Since about mid-October there have been signs of a rally in European and UK markets. Partly this was due to how low valuations had got after a tough year, while the surprisingly low US inflation data (7.7% was the lowest level of annual inflation since January) was the catalyst for a sharp bounce. Markets have become choppier recently, however.

Dan Nickols (Investment Manager, UK Small & Mid Cap Equities) argues that, over the year as a whole in UK mid and small caps, there has been an absence of clear thematic leadership. “Growth and value stocks have periodically been going in and out of fashion,” said Dan. “What’s been different about this recent rally is that there has been more differentiation, with the likes of consumer-exposed stocks, financials and industrials leading the way while oil & gas, healthcare and utilities saw a more modest uplift. That paints a picture of momentum underperforming, and value strengthening, as the areas that had been strongest going into the rally have generally seen less of the benefit.”
A hunt for growth has played into the hands of small caps
It has been a similar story in Europe, according to Phil Macartney (Investment Manager, European Equities). “In a global sense Europe had underperformed for a while,” he said, “and so it was a beneficiary of the shift in momentum when markets rallied. When you dig a bit further down into European markets it looks similar to the landscape Dan was describing in the UK, with retailers and industrials among the strongest areas.

“What has been different, though, is that within sectors we’ve seen a tendency for quality growth stocks to outperform their value peers. In my view, that’s a reflection of markets looking for resilience and growth potential as we head into an economic backdrop that will be quite difficult.”

“That hunt for growth, helped by existing under-ownership, has also played into the hands of small caps, which have outperformed large caps in Europe over the last several weeks. Given the scale of previous underperformance from small caps, however, I’d argue there is still plenty of headroom there.”

For Dan Nickols, the anatomy of this rally in the UK has – within the context of the smaller companies universe – favoured the larger end of that spectrum. “In my experience that is fairly typical of the initial period of a market rally,” he said, “but as the smallest of the small caps get ever-more left behind it raises interesting questions for us as investors when we engage with company management, as the strong companies in that space face the decision about whether to perhaps acquire rivals for growth or simply to use excess capital to buy back their own shares, given how chronically low valuations have become, and generate shareholder value that way.”

Despite the market sell-off over this year as a whole, earnings have been relatively resilient so far. Although this raises the question of whether the worst is yet to come in that regard. How worried should investors be about that possibility?
Watch for earnings downgrades in 2023
“There’s no doubt,” said Dan, “that we’re headed for tougher economic times next year, so it would be hubristic in the extreme to say there is no grounds for concern about earnings. Looking at the data, we can see that earnings revisions are weighted about 60/40 in favour of downgrades over upgrades at the moment. I’d expect more downgrades to come, as the median earnings expectations for UK companies over 2023 and 2024 look way too high at the moment, in my view.”
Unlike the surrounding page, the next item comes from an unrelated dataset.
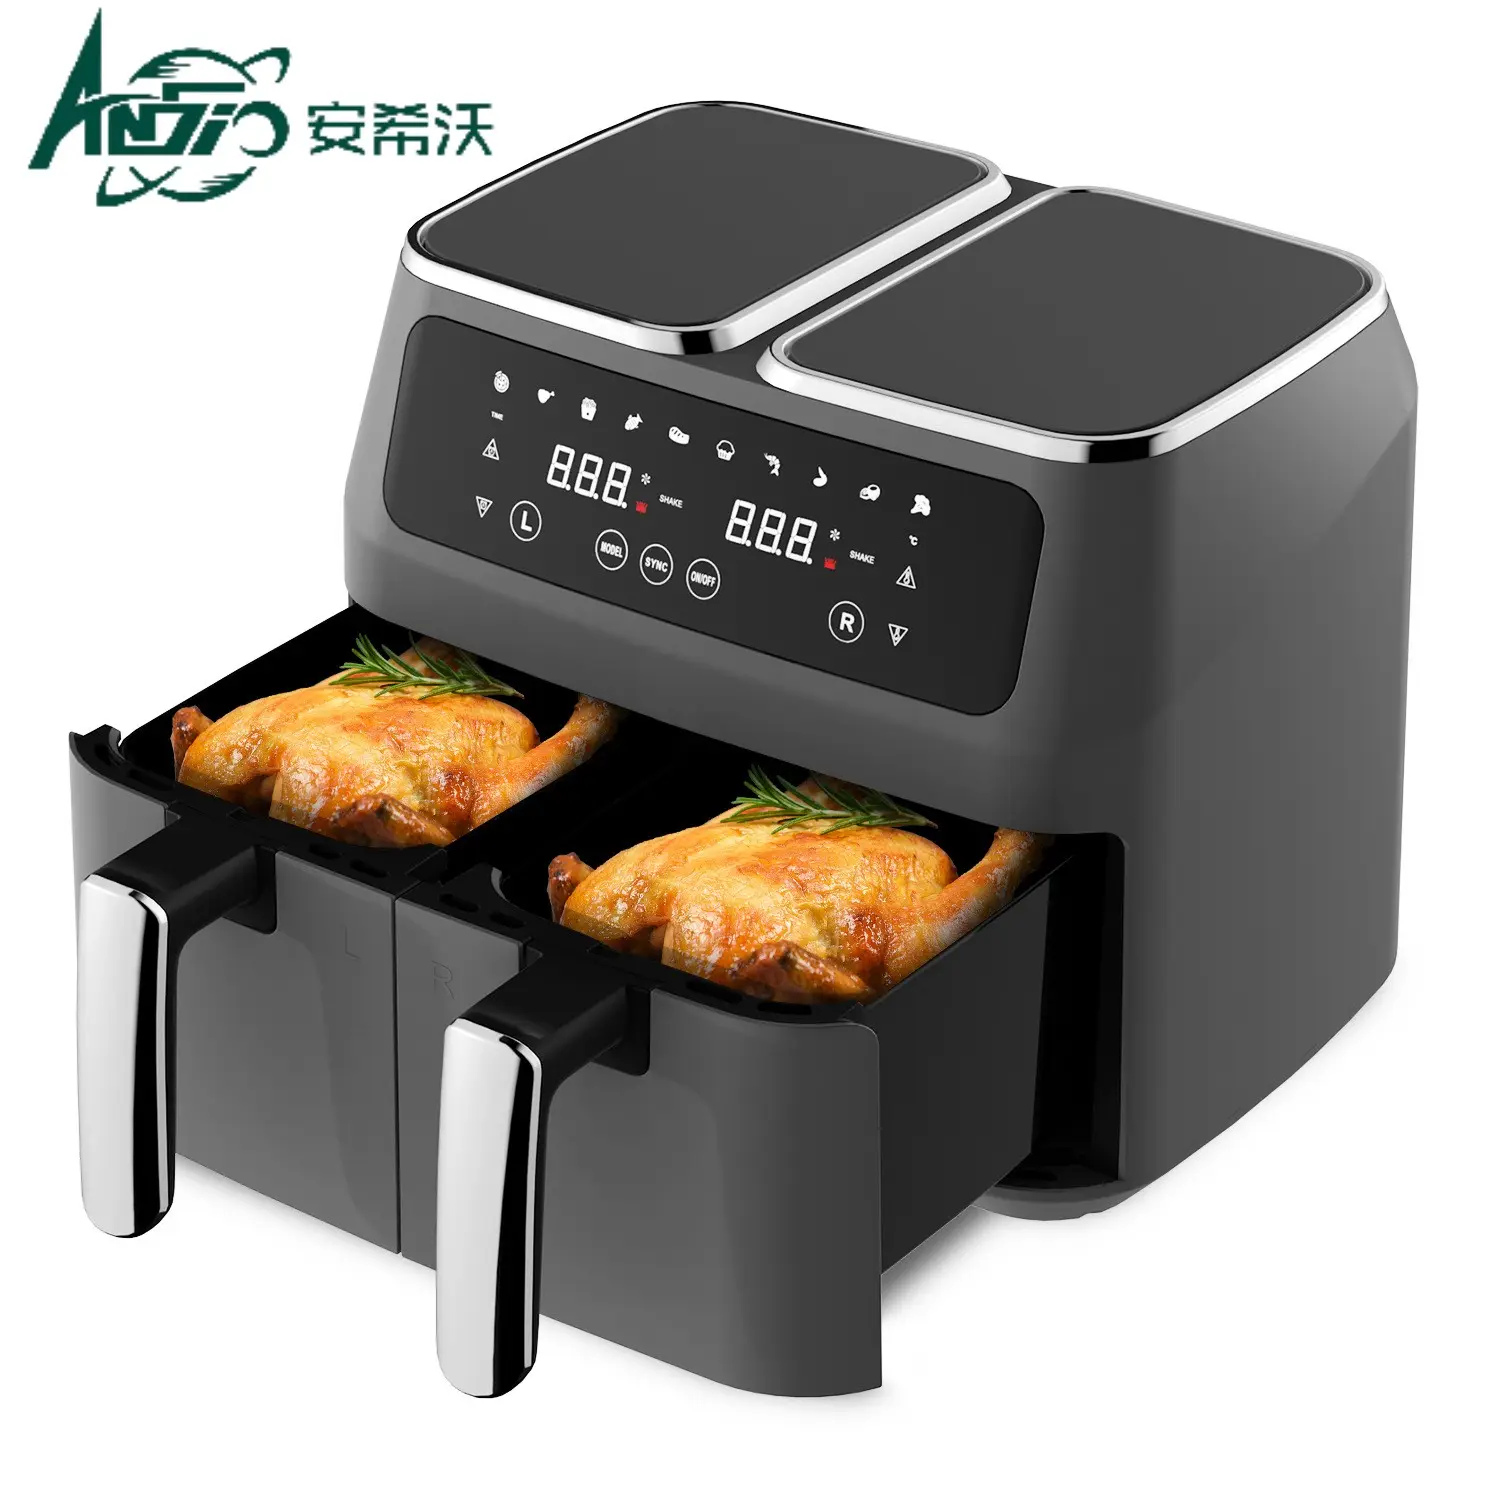 6-in-1 DualZone Technology, 2-Basket Air Fryers with 2 Independent Frying Baskets, Touchscreen, Match Cook & Sync Finis

“As investors we must therefore ask ourselves, firstly, how much might already be in the price. Beyond that, the approach we’re taking is to seek companies that seem to offer growth potential with good earnings visibility, combined with some more economically-sensitive names that have significant self-help potential (e.g. from cost initiatives) and/or stand to gain market share as attrition shrinks the competitive space in their sector.”
Resilience comes in many forms
Phil pointed out that the earnings picture in Europe this year has been supported by currency. “But as the tide of currency support goes out,” he said, “it’s easier to get a sense of the real picture and analyst forecasts have already started coming down quite aggressively. In the last month or so I’ve had a few companies talk to me about deflation, even to the extent that customers are postponing orders on the expectation that prices will come down, which I think is quite an interesting landmark in the narrative.”

“Most of all, what we look for in a stock in this environment is resilience. That can come in different forms. Most obviously, we look for companies that are market leaders with strong balance sheets that can ride out an economic storm, but resilience can also be visible in the ability of companies to create opportunity out of adversity. Energy infrastructure stocks are an example of that, as obviously today Europe is staring down the barrel of an energy crisis, but the impetus to adapt is strong and it wouldn’t surprise me at all if a decade from now Europe has the most energy-efficient economy in the developed world.”

UK and European markets each have their own peculiarities, but what Dan and Phil both underlined was the importance of active investors being able to identify not only companies that can come through a tough economic landscape unscathed, but also those that are able to capitalise upon the opportunities along the way.

The value of active minds: independent thinking

A key feature of Jupiter’s investment approach is that we eschew the adoption of a house view, instead preferring to allow our specialist fund managers to formulate their own opinions on their asset class. As a result, it should be noted that any views expressed – including on matters relating to environmental, social and governance considerations – are those of the author(s), and may differ from views held by other Jupiter investment professionals.